March 2

 

Agnes of Bohemia (1211-1282) nun

On March 2, 1282 Agnes of Bohemia returned to the Father, in the small monastery she had founded on the model of St. Clare's community of San Damiano in Assisi.
Agnes, the thirteenth child of the king of Bohemia, had been engaged several times to powerful princes of other royal families. A series of political problems, followed by her father's death, cancelled the plans others had made for her life.
The event that proved decisive for Agnes's future choice to live in celibacy for the sake of the kingdom of God was the arrival of the first Franciscans in Prague in 1225, when the young princess was fourteen years old. From them Agnes learned of the experience of Clare and her sisters at San Damiano, and was fascinated.

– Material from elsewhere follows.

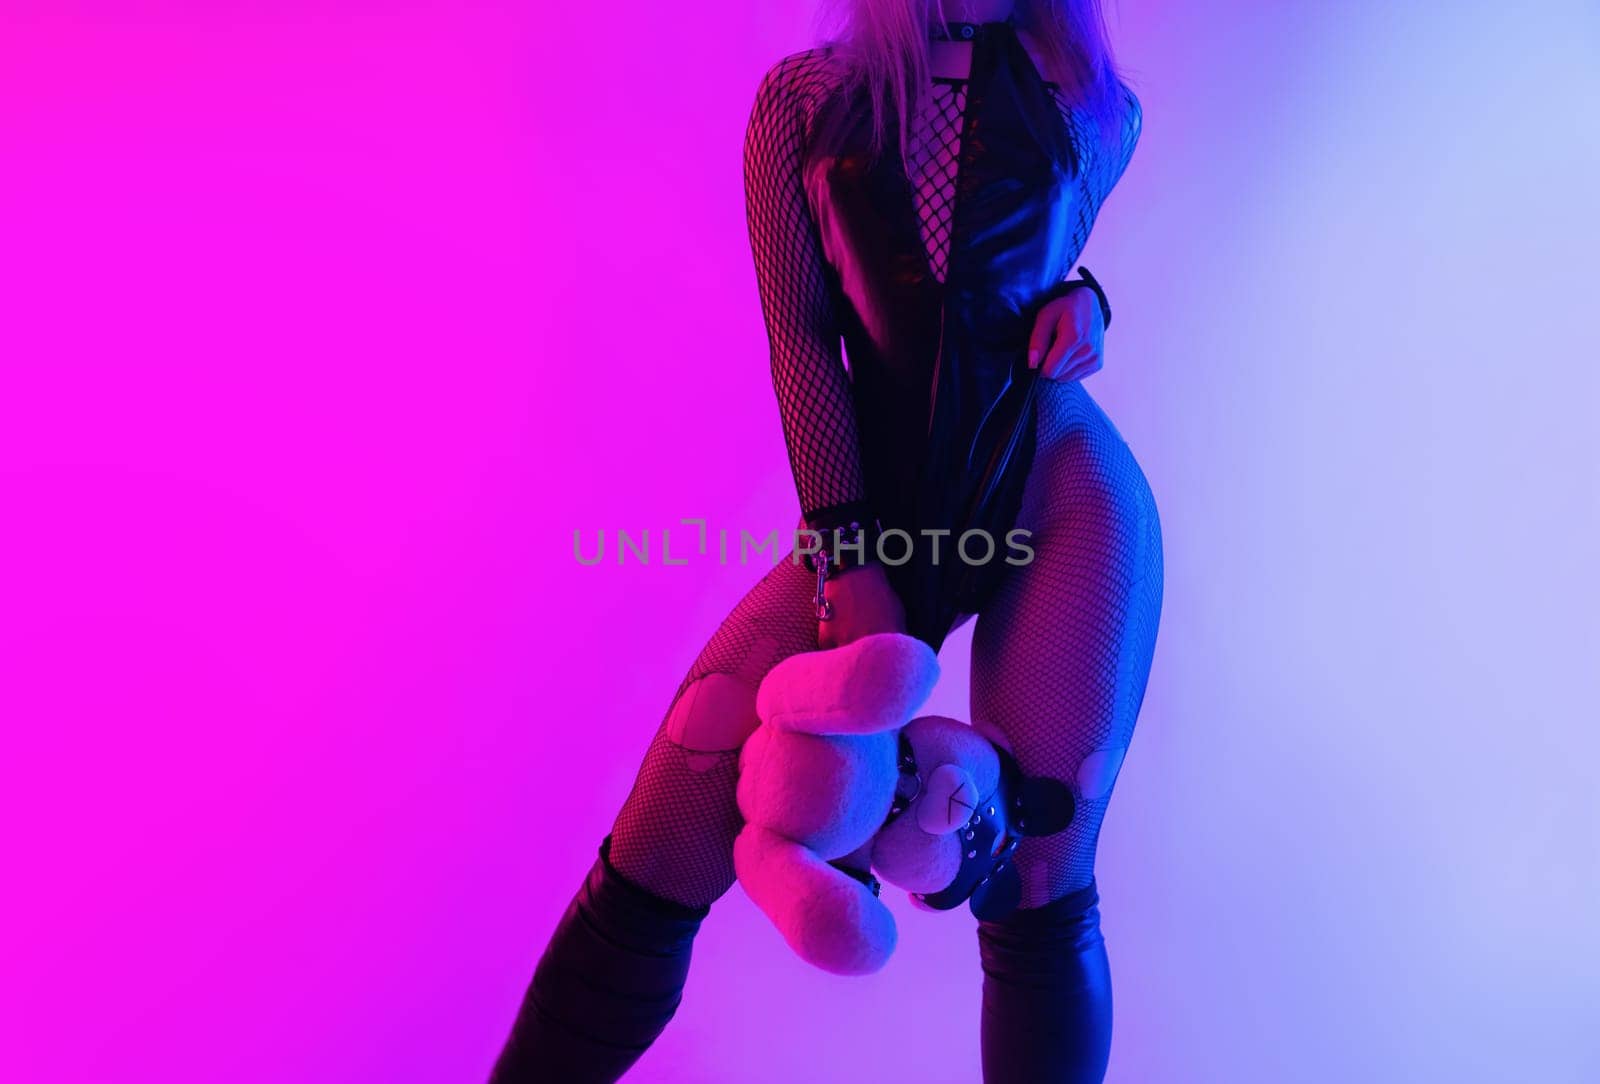 Sexy girl in a latex BDSM mistress dress and a cat mask in neon light on a dark background for sex game
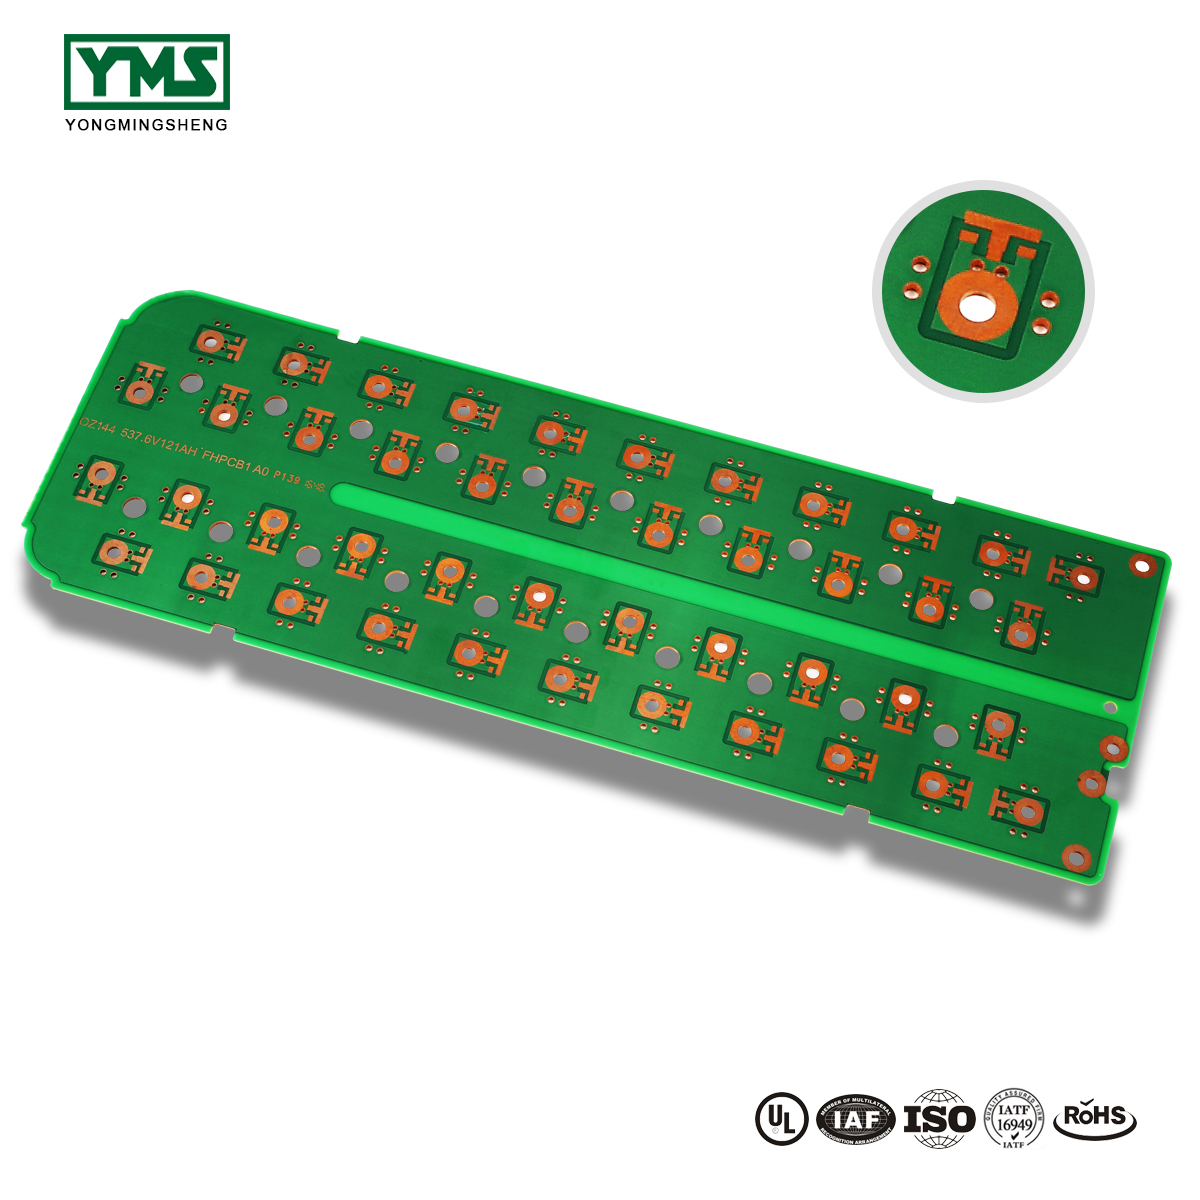 China Gold Supplier for 94v0 Bare Printed Circuit Board - 4Layer Copper base Board | YMS PCB – Yongmingsheng

She began to live more simply and humbly, serving the poor and needy in the streets of the Bohemian capital.
Her love for this path of radical obedience to the Gospel, which she was beginning to understand to be her calling, helped Agnes find the courage to refuse the marriage that would have made her an empress. In 1234, Clare of Assisi gave her permission to found a convent in the heart of Prague, on the model of San Damiano.
Agnes fought long and hard, as had Clare, so that her community's right to live sine proprio, in "the highest and holiest poverty," would be recognized by the Church. She finally obtained what she had patiently asked and waited for. After founding several organizations to assist the poor and the sick, she spent the last years of her life in her community, living in submission to her sisters and refusing every title or role that would place her above them.

BIBLICAL READINGS
1 Pet 4:7-11; Mt 16:24-27


 

THE CHURCHES REMEMBER...

ANGLICANS:
Chad (d. 672), bishop of Lichfield, missionary

COPTS AND ETHIOPIANS (23 amsir/yakkatit):
Eusebius the Captain (3rd-4th cent.), martyr (Coptic Church)

LUTHERANS:
John Wesley (d. 1791), preacher of the Revival in England

MARONITES:
John Maron (7th cent.), first Maronite patriarch

ORTHODOX CHRISTIANS AND GREEK CATHOLICS:
Hesychios the Palatine (d. ca. 303), martyr
Theodotos (d. 315), bishop of Kyrenia
Hermogenes Thaumaturge (d. 1612), patriarch of Moscow (Russian Church)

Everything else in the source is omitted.